Repository files navigation

Overview

IFAA offers a robust approach to make inference on the associations of covariates with the absolute abundance (AA) of microbiome in an ecosystem, and the associations of covariates with the abundance ratios of microbiome taxa/OTU/ASV (or other units).

Installation

#Install from GitHub:
devtools::install_github("gitlzg/IFAA")

Usage

This is a brief example to run IFAA() and MZILN() functions. More detailed instructions can be found in the manual and vignettes files.
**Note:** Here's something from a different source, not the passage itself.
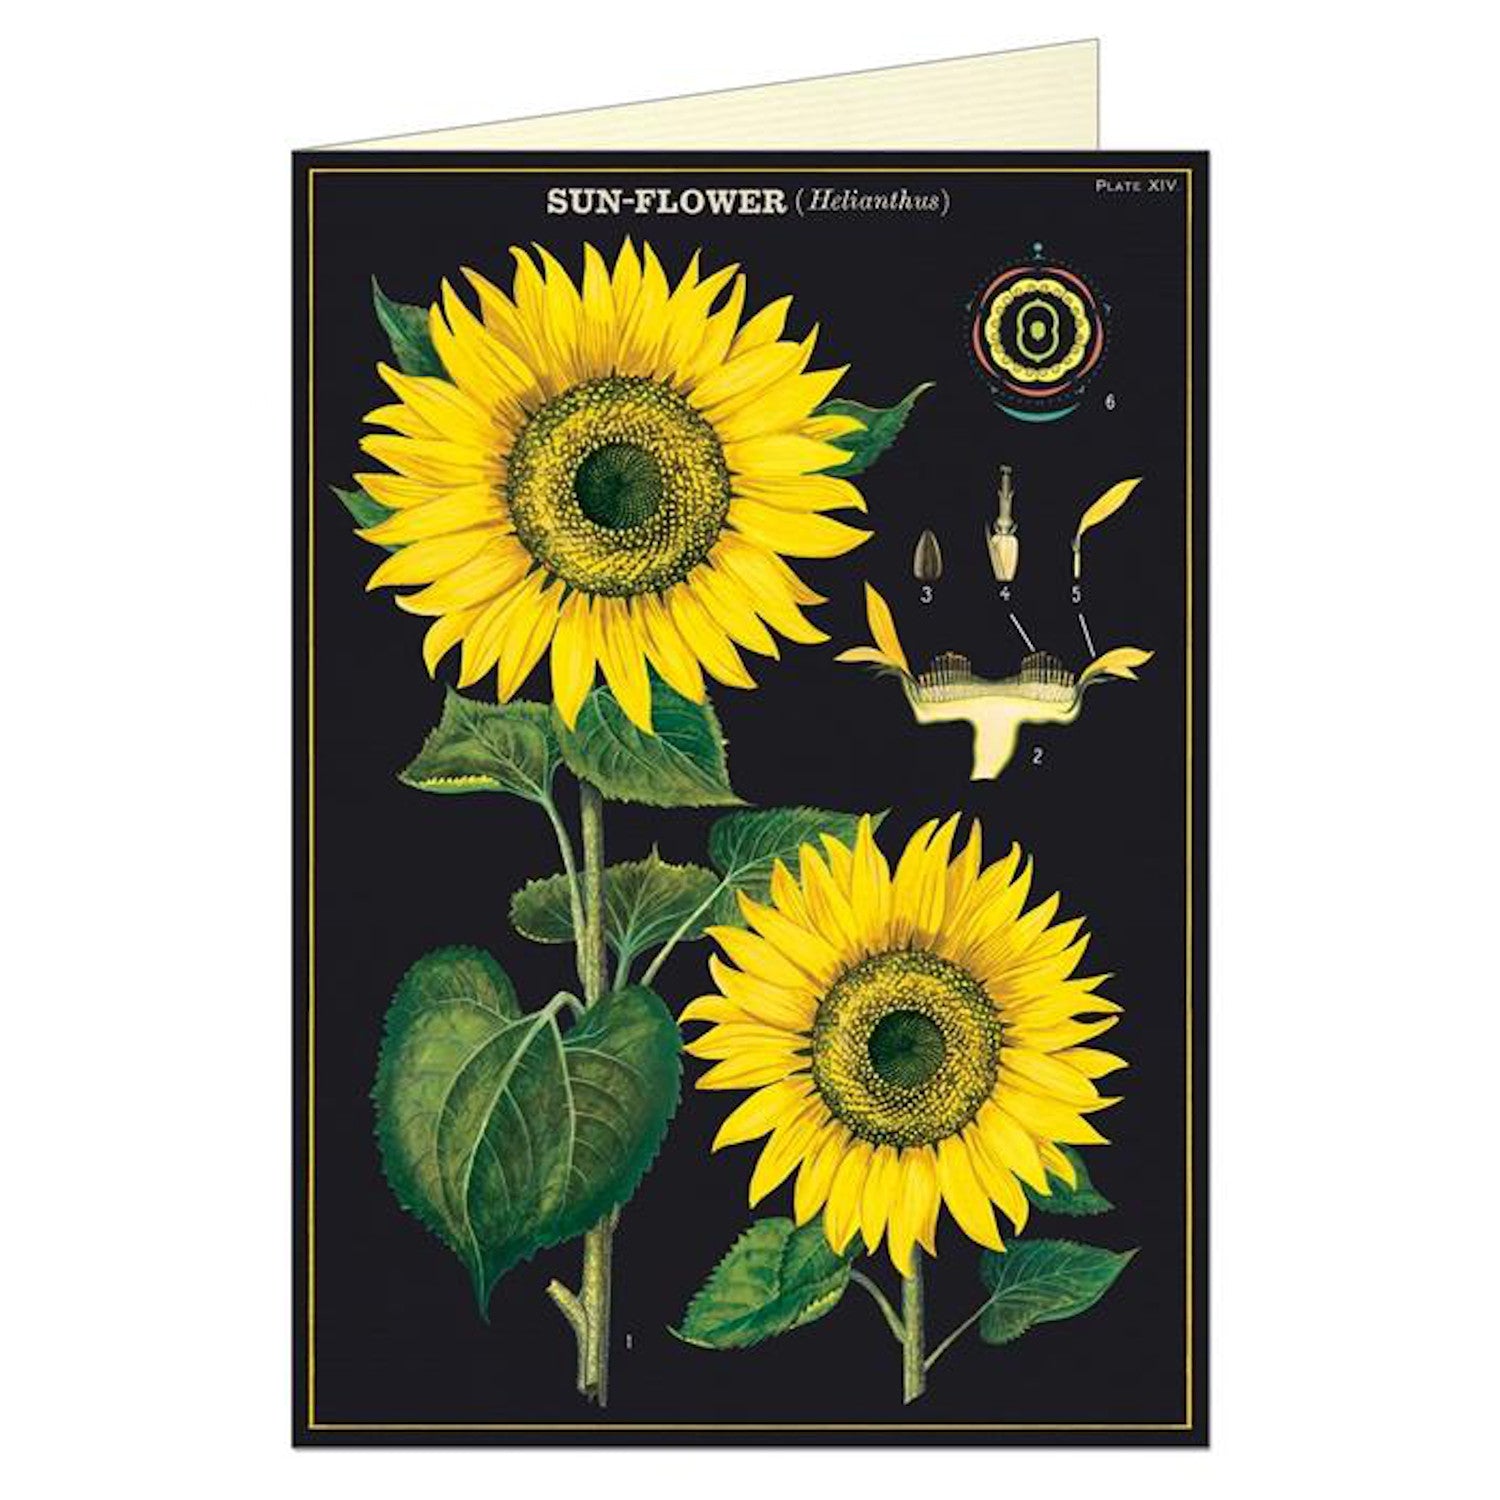 Vintage botanical illustration of sunflowers with detailed parts labeled, on Italian paper by Cavallini Papers &amp; Co Sunflower Card.

This example generates a toy example data from scratch, with 10 taxon, 20 subjects, and 3 covariates.

# Detailed instructions on the package are 
# provided in the vignettes and manual
library(IFAA)

## create an ID variable for the example data
ID=seq_len(20)

## generate three covariates x1, x2, and x3, with x2 binary
x1<-rnorm(20)
x2<-rbinom(20,1,0.5)
x3<-rnorm(20)
dataC<-data.frame(cbind(ID,x1,x2,x3))

## Coefficients for x1, x2, and x3 among 10 taxa.
beta_1<-c(0.1,rep(0,9))
beta_2<-c(0,0.2,rep(0,8))
beta_3<-rnorm(10)
beta_mat<-cbind(beta_1,beta_2,beta_3)

## Generate absolute abundance for 10 taxa in ecosystem.
dataM_eco<-floor(exp(10+as.matrix(dataC[,-1]) %*% t(beta_mat) + rnorm(200,sd=0.05)))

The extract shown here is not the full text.